Democrata sepulta principal promessa de Biden

O senador democrata Joe Manchin disse no domingo (19) que não pode apoiar o projeto de lei social e ambiental Build Back Better de mais de US$ 2 trilhões de seu partido, desferindo um golpe fatal na principal iniciativa doméstica do presidente Joe Biden que se encaminha para um ano eleitoral com grandes chances de perder o controle da Câmara e Senado.

Manchin disse no “Fox News Sunday” que sempre deixou claro que tinha reservas sobre o projeto de lei e que agora, após cinco meses e meio de discussões e negociações, “não posso votar para continuar com esta peça de legislação.”

Com a definição do senador, a principal promessa de campanha Joe Biden é sepultada uma vez que o Senado está igualmente dividido entre Democratas e Republicanos (50-50). Mesmo com um voto da vice-presidente Kamala Harris mas sem o voto de Manchin, o máximo que é possível conquistar é um empate.

Em resposta, a secretária de imprensa da Casa Branca Jen Psaki chamou a declaração de Manchin “uma reversão repentina e inexplicável em sua posição” e “uma violação de seus compromissos” com Biden e os democratas do Congresso.

“Continuaremos a pressioná-lo para ver se ele reverterá sua posição mais uma vez, para honrar seus compromissos anteriores e ser fiel à sua palavra”, disse Psaki.

O senador Bernie Sanders, I-(Vermont), criticou Manchin por retirar seu apoio e pediu aos líderes democratas que levassem o projeto ao plenário e obrigassem Manchin a se opor a ele.

“Se ele não tiver a coragem de fazer a coisa certa pelas famílias trabalhadoras de West Virgínia e da América, que vote não na frente do mundo inteiro”, disse Sanders ao “Estado da União” da CNN.

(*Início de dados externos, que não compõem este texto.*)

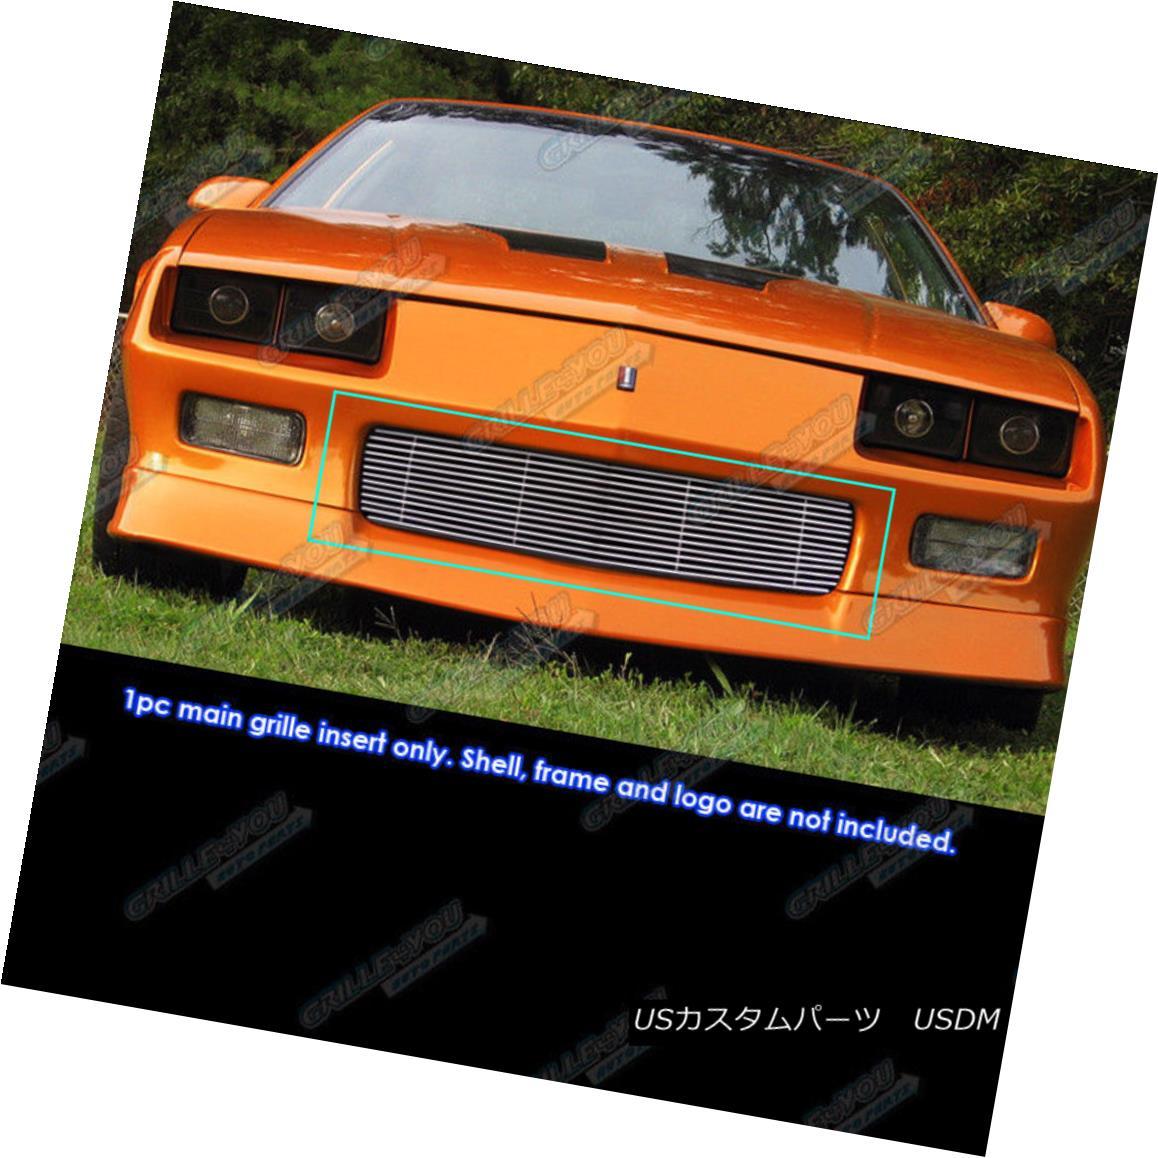 グリル Fits 1988-1992 Chevy Camaro Bumper Billet Grille Insert フィット1988-1992シボレーカンパニーバンパービレットグリルインサート

US$ 2 trilhões -> US$ 5 trilhões

Um relatório do apartidário Congressional Budget Office (CBO) no início deste mês disse que se muitos dos aumentos temporários de gastos e cortes de impostos do projeto se tornassem permanentes, isso acrescentaria US$ 3 trilhões ao valor final do Build Back Better. Isso mais do que dobraria seu custo de 10 anos para cerca de US$ 5 trilhões, desmentindo a narrativa oficial da Casa Branca de que o projeto não acrescentaria um centavo na dívida interna.